Oh man that's nice & crispy!


----------



## Bri-In-RI (Sep 30, 2014)

fordmike65 said:


> Oh man that's nice & crispy!




Crispy indeed!


----------



## 37fleetwood (Oct 1, 2014)

very cool!
it's a 34. lots of wrong parts and lots of rust, but a cool project.
you won't find too much info. 1934 was Huffman's first year and they didn't make many.


----------



## Bri-In-RI (Oct 1, 2014)

37fleetwood said:


> very cool!
> it's a 34. lots of wrong parts and lots of rust, but a cool project.
> you won't find too much info. 1934 was Huffman's first year and they didn't make many.





Thanks for the info Scott as I was striking out finding any on my own. Still have not seen a picture or catalog image of another one for reference. I originally had bought this bike to scavenge the accessories off of it and scatter the remaining parts into the wind but now I think Id rather give it a light cleaning just to asses condition and pass it on to a new home.


----------



## 37fleetwood (Oct 1, 2014)

sadly this is about it:


----------



## Freqman1 (Oct 1, 2014)

So does anyone have a pic of what this model looked like new? V/r Shawn


----------



## dempsey (Oct 1, 2014)

I tried to get my hands on this bicycle but you beat me to it. After she told me what model it was I tried to do a little research on it, but all I could find were slightly later Huffmans with tanks and a heavy art deco design. Nothing  that resembled this one. It still has a good set of lines, though.


----------



## Bri-In-RI (Oct 1, 2014)

dempsey said:


> I tried to get my hands on this bicycle but you beat me to it. After she told me what model it was I tried to do a little research on it, but all I could find were slightly later Huffmans with tanks and a heavy art deco design. Nothing  that resembled this one. It still has a good set of lines, though.

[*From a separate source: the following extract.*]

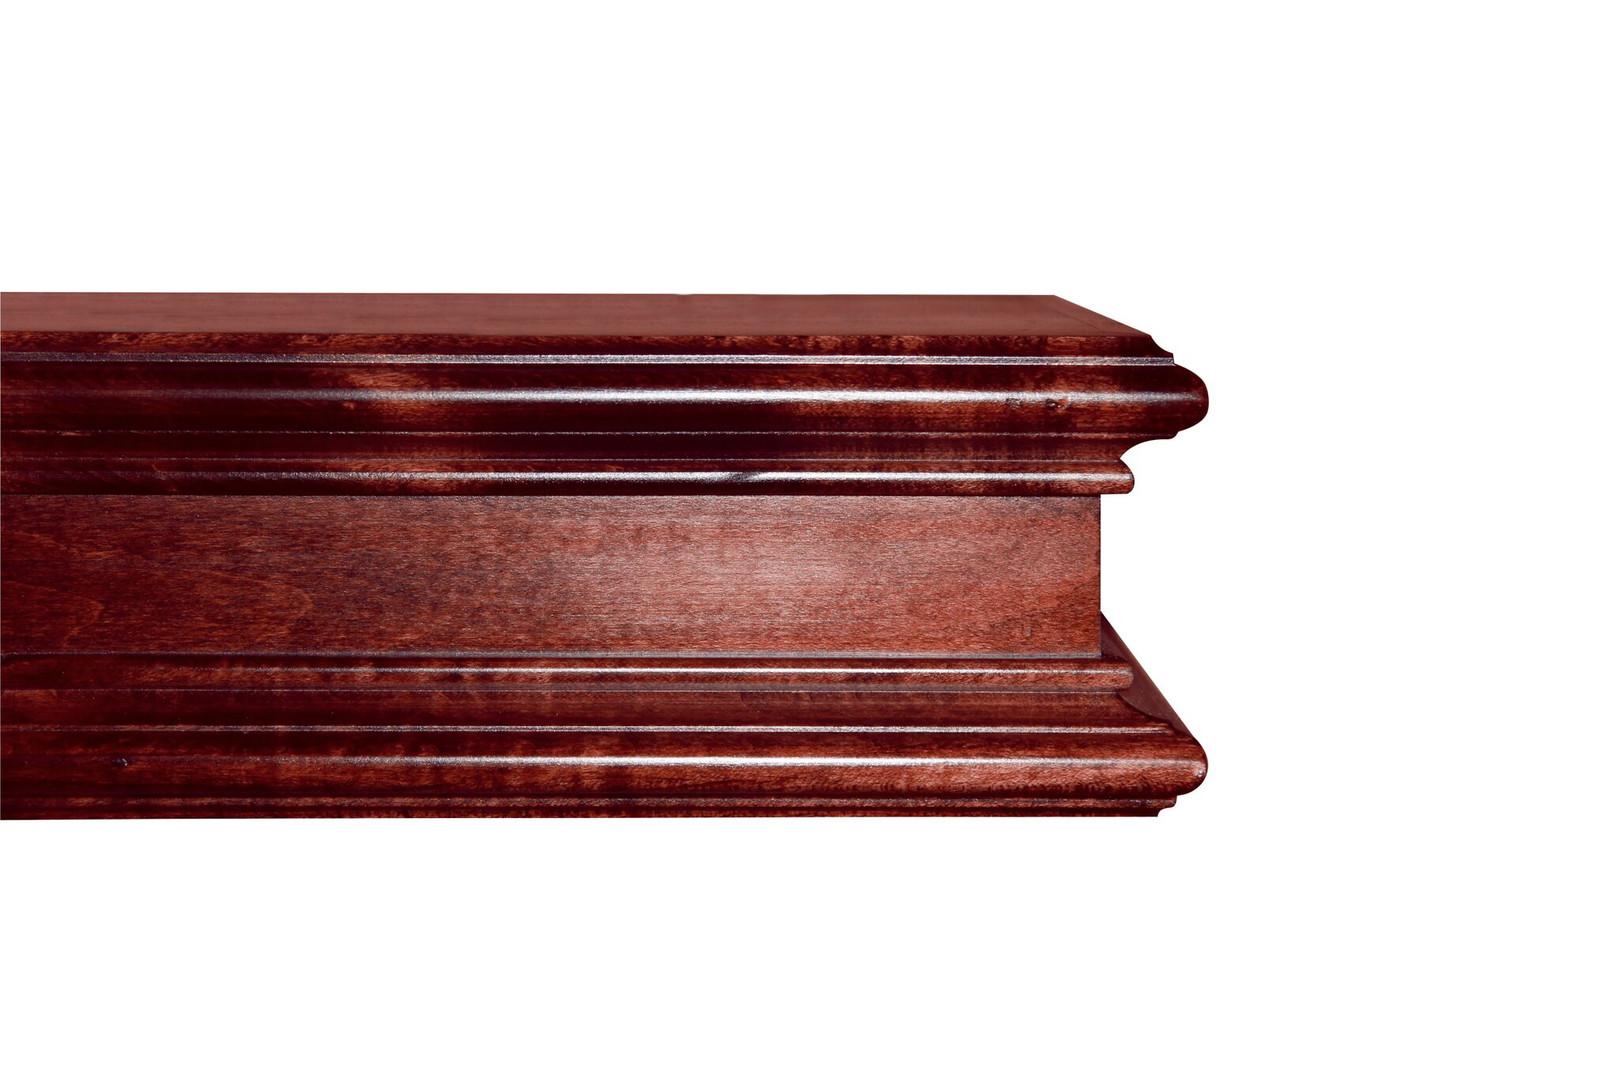 Mahogany-Shelf-Classic-2-rose.jpg

Susan was a very nice lady as was here mother. The Westfield was the mothers, the Huffman the fathers and the childs bike was Susans. I went there with the intention to part these bikes out but after meeting them I can not and will not. The mom asked if I ever get her bike up and running to please send her a pic which I promised to do. I fully intend to keep that promise and hope that however ends up with the Huffman does the same.


----------



## Freqman1 (Oct 1, 2014)

I'd give that Huffman a proper resto! Chrome and paint might be more than the bike is worth to most but for someone with a soft spot for Huffmans a first year bike would be nice. V/r Shawn


----------



## SirMike1983 (Oct 1, 2014)

Bri-In-RI said:


> Susan was a very nice lady as was here mother. The Westfield was the mothers, the Huffman the fathers and the childs bike was Susans. I went there with the intention to part these bikes out but after meeting them I can not and will not. The mom asked if I ever get her bike up and running to please send her a pic which I promised to do. I fully intend to keep that promise and hope that however ends up with the Huffman does the same.




Stand up guy to do that. 

That Huffman Camelback is a great frame with clean lines and an appealing design. Less is more with some of these bikes. I think art deco and add-ons can be over the top on some bikes. This one is nice and clean in design, even if rusty.


----------



## mike j (Oct 1, 2014)

I agree with the less is more, also have a 1934 Camelback, it was the "strip down model" of the year. Now it is a nice light cruiser, nice find Brian.


----------



## dempsey (Oct 1, 2014)

Bri-In-RI said:


> Susan was a very nice lady as was here mother. The Westfield was the mothers, the Huffman the fathers and the childs bike was Susans. I went there with the intention to part these bikes out but after meeting them I can not and will not. The mom asked if I ever get her bike up and running to please send her a pic which I promised to do. I fully intend to keep that promise and hope that however ends up with the Huffman does the same.




Hearing that, I am glad that you kept the Westfield and the Huffman together. I was only interested in the camelback - but then I might have taken the Westfield knowing whom it belonged to. Who knows? At any rate I think you are doing right by the owner. It is one thing to buy a bicycle on the internet or from a dealer - another to buy it from the original owners.


----------